Given the gravity of the situation, it would be in everyone’s interest to engage in the rescue and relief operation and not bring politics in it

Nepal is no stranger to natural disasters, but the storm that whipped the villages of Bara and Parsa districts in central Nepal late Sunday evening was unprecedented, killing at least 29 people and injuring more than 600. Among the dead are men, women and children, who happened to be sleeping at the time. The death toll is likely to rise with many of the injured in critical condition. The extent of the damage caused by the storm is yet to be assessed, but the destruction has been massive, especially in Pheta and Bhulahi Bharwaliya areas of Bara district. The hailstorm that lashed the area was so strong that it even overturned a passenger bus, toppled electricity poles and uprooted trees. Tall standing crops were destroyed, and hundreds of homes on the farms have been reduced to rubble after the roofs got blown away and the walls collapsed. Many people could still be trapped inside the rubble of their homes. The Department of Hydrology and Meteorology had forecast heavy rains for Sunday for the region, but it could not predict the intensity of the storm at this particular place. But even if the people had been cautioned, where could they possibly head for if not their homes?

The injured are undergoing treatment in hospitals and in temporary health camps. The government has been quick to respond to the natural disaster, with the Prime Minister himself flying to the affected region to take stock of the situation after cancelling the scheduled programmes in his hometown, Jhapa. He has said that the government would leave no stone unturned to carry out rescue and relief efforts. The security agencies – Nepal Army, Armed Police Force and the Nepal Police – have been deployed in the areas and are helping to bring life back to normalcy. Since there is a big rush of the injured to the hospitals, there are reports that they face a shortage of medicines, equipment, beds and doctors to handle them. So the government must see to it that there is no shortage of anything at this time of calamity.

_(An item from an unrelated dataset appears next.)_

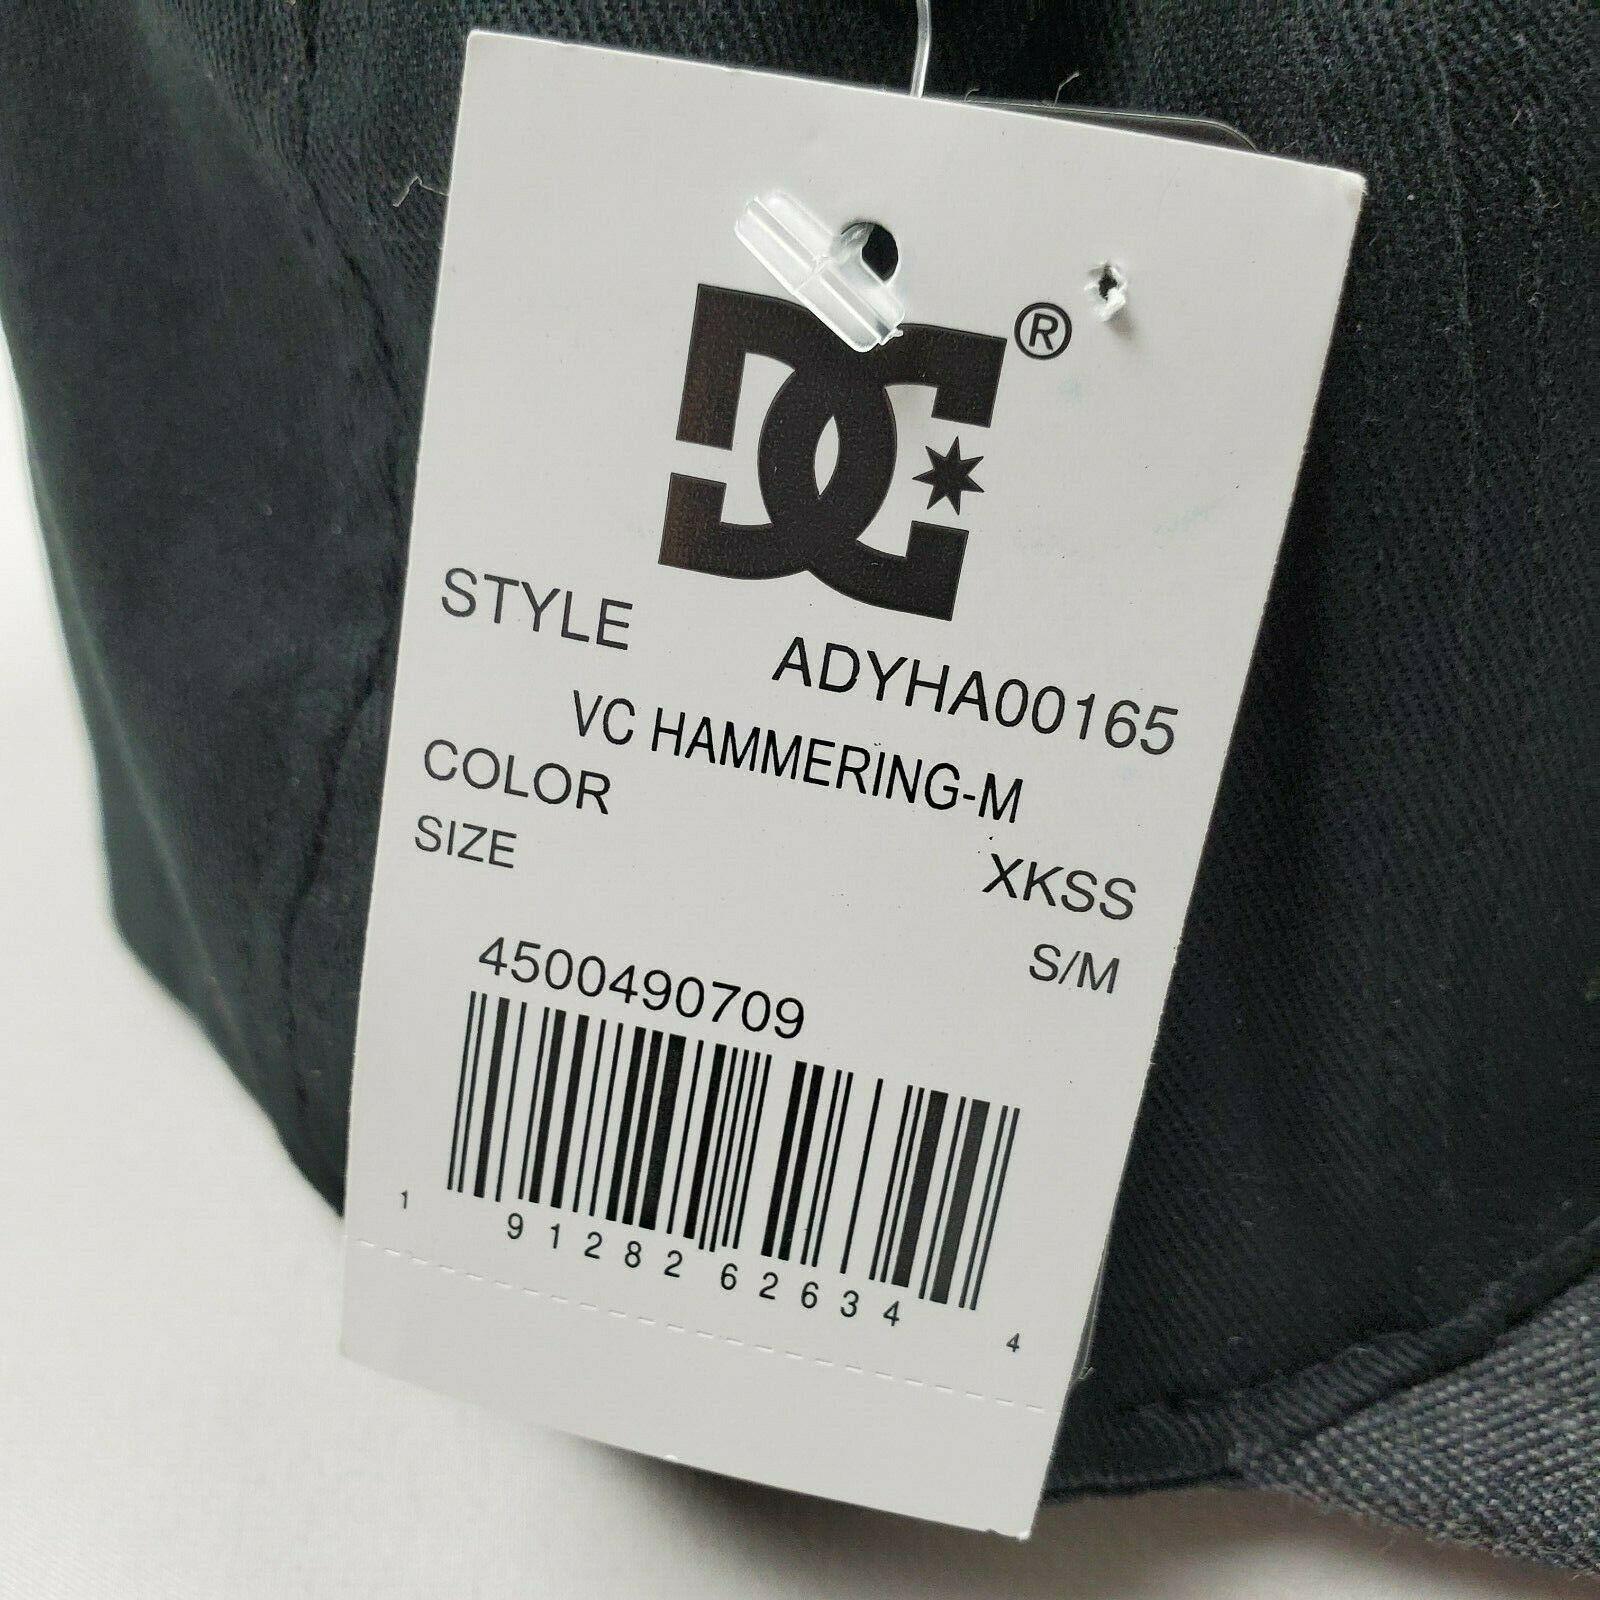 DC Shoes Flexfit Fitted Hammering Black Hat Mens Size S/M

Sunday’s natural disaster is a national crisis, and both the centre and the provincial government must coordinate their activities to provide succor to the people devastated by the storm. The Province 2 government has taken a decision to provide Rs 300,000 in assistance to each of the families that have lost a member and bear the treatment cost of those who were injured in the storm. For sure, the federal government’s assistance will be even bigger. Given the gravity of the situation, it would be in everyone’s interest to engage in the rescue and relief operation on a war footing and not politicise the issue. Nepalis and Nepali organisations abroad have already started a campaign to raise funds for the victims of the Sunday storm. At times of crisis, the common people have been more than willing to help with cash and kind, so any assistance for their fellow countrymen at this hour would be more than welcome. Since the destruction is akin to one caused by an earthquake, the government must sooner than later initiate a reconstruction and rehabilitation programme so that the poor can have a roof over their head and something to get along with their life.

Work permit resumes

After a hiatus of ten months, the government has decided to issue work permits from Monday to Malaysia-bound Nepali workers, who have already received their calling visas. The work permits will be issued from all the labour offices. There are around 7,000 Malaysia-bound workers, who have received the calling visas, which means they have received confirmation from their employers. The government had stopped issuing work permits to the Nepali workers after they were charged hefty fees by agents.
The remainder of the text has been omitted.